The calves were assigned to different classes based on breed and age. Clark served as emcee while a judge studied each animal and praised those with good “dairiness” and “angularity.”

Tina Christie, of Langdon, N.H., was on hand to support her daughter Haley, who was set to show some Jerseys of her own.

“This fair is awesome,” Christie said. “It’s really by far the best fair we go to.”

The biggest event on the Christies’ schedule is the Eastern States Exposition, held each September in West Springfield, Mass. Often called the “Big E,” it draws exhibitors from up and down the East Coast. Gowdy is also planning to make the trip south next month.

Acworth, N.H., resident Scott Luther-Houghton is considering it, too, after his daughter Griselda qualified to participate earlier in the summer. The timing is of some concern, though. “I think we’re headed there,” he said, “but that would involve a couple days out of school.”
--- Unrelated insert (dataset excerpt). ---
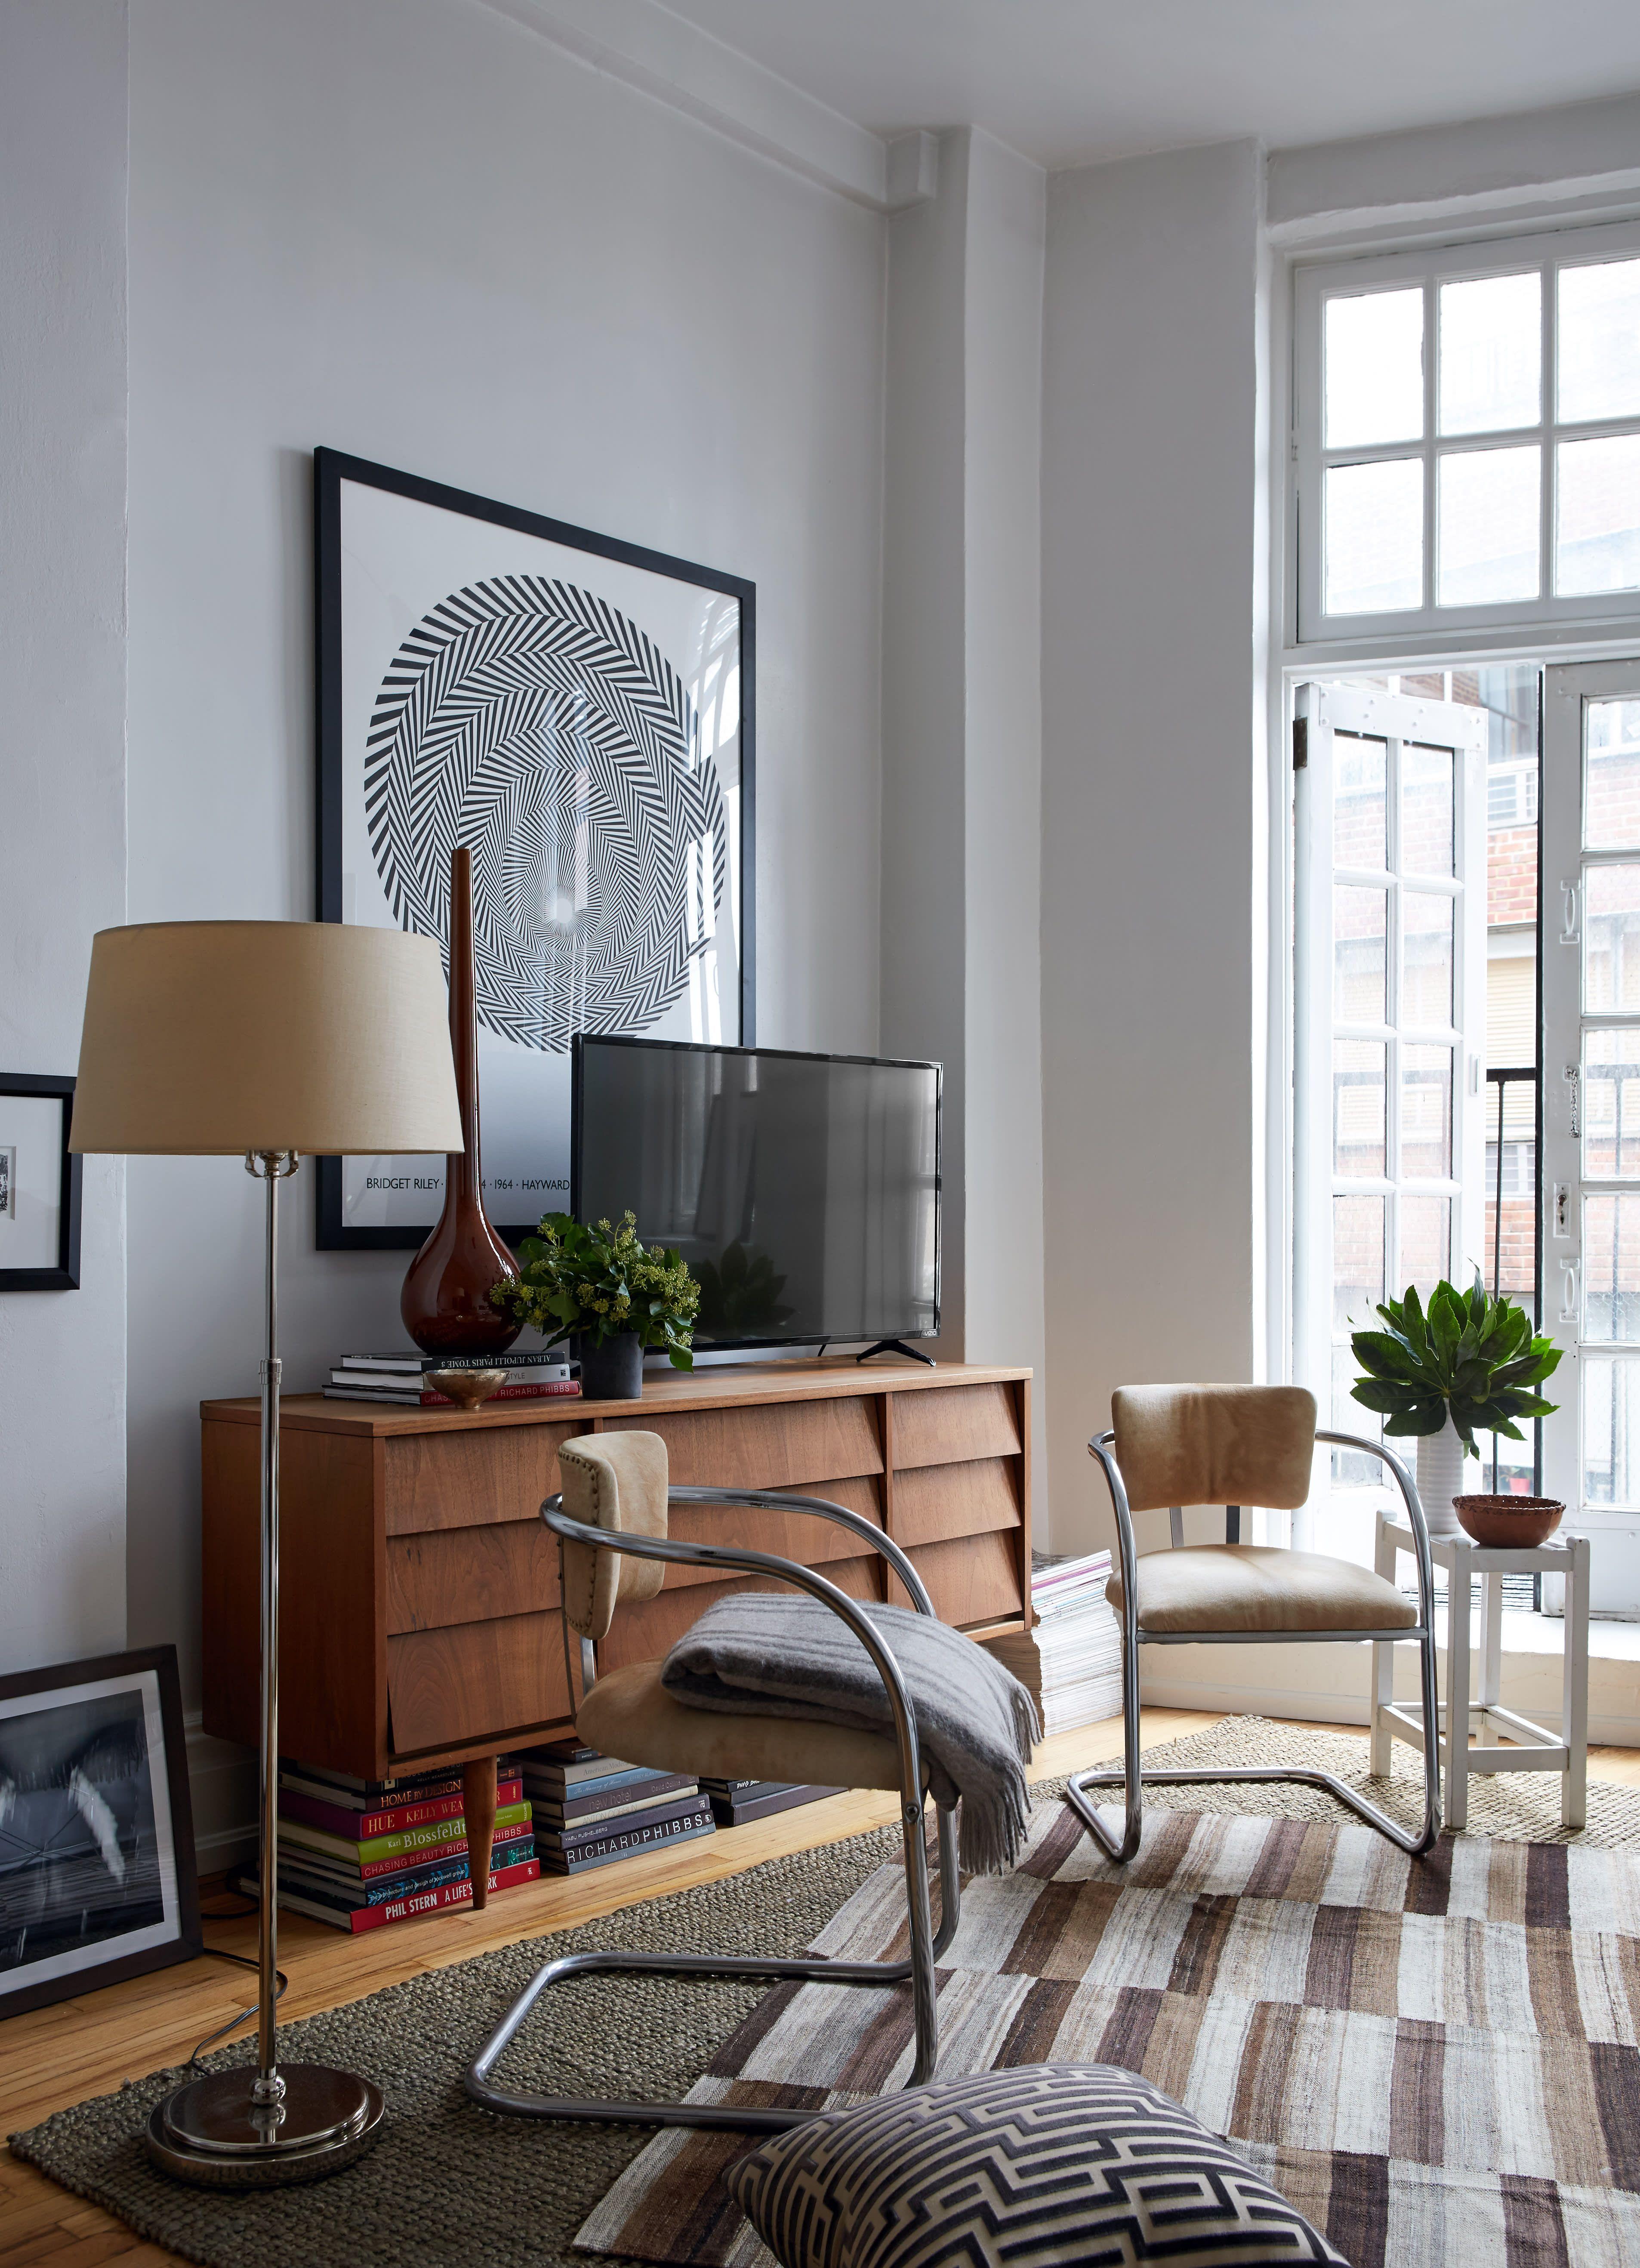 Step Inside Interior Designer Dan Mazzarini S Apartment In New York City Minimalist Living Room Decor Small Apartment Decorating Living Room Minimalist Living Room #step #by #step #decorating #living #room

Despite never having shown cows himself, Luther-Houghton has encouraged his daughter’s interest in 4-H. “None of us has been involved in farming, but it seems to be something she’s taken quite an interest in, so it’s kind of neat to see her taking ownership of that,” he said.

Introducing young people to the dairy trade, and rewarding those who’ve worked hard at it, brings Clark back year after year.

“Yeah, we need the rides to draw people in,” she conceded, “but we want to make sure that our youth are recognized.”

Many entrants in the Cornish show spent months preparing.

“It takes a lot of work and hours before you come to the fair,” Clark said. “Every person who wants to do well needs to work with their animal every day. ... You’ve gotta have that drive.”

The show also represents an opportunity to celebrate a declining tradition. “Our dairy industry is getting smaller and smaller,” Clark said, “and you don’t want to lose it all.”

Clark is one of roughly 20 directors who plan Cornish’s annual fair, an undertaking that typically begins in October.

“We meet every single month,” co-director Glenn Thornton said, as he manned the fair entrance on Town House Road. “It takes an entire year to make three days happen.”

Thornton described the fair as a symbolic gateway to autumn: “The fair is usually an indicator of the end of summer, and then the kids are back to school.”

Given the work required to plan and execute the weekend-long event, he called it disappointing — “of course it is” — when weather intrudes. Last year, rain depressed the opening-day turnout to a few hundred.

On Saturday, an early drizzle made for another slow morning, but the place was abuzz by the time the sun shone through around 11.

Other fair attractions included a merry-go-round, a jet-ski-themed ride, a bingo tent staffed by the Cornish Volunteer Fire Department and fried food aplenty. Orange painter Gary Hamel added to a canvas inside Town Hall, where Windsor artist Gail Barton had displayed an array of her hand-woven reed baskets.

The Cornish Fair continues today from 7 a.m. to 7 p.m. Tickets may be purchased on-site for $10 apiece.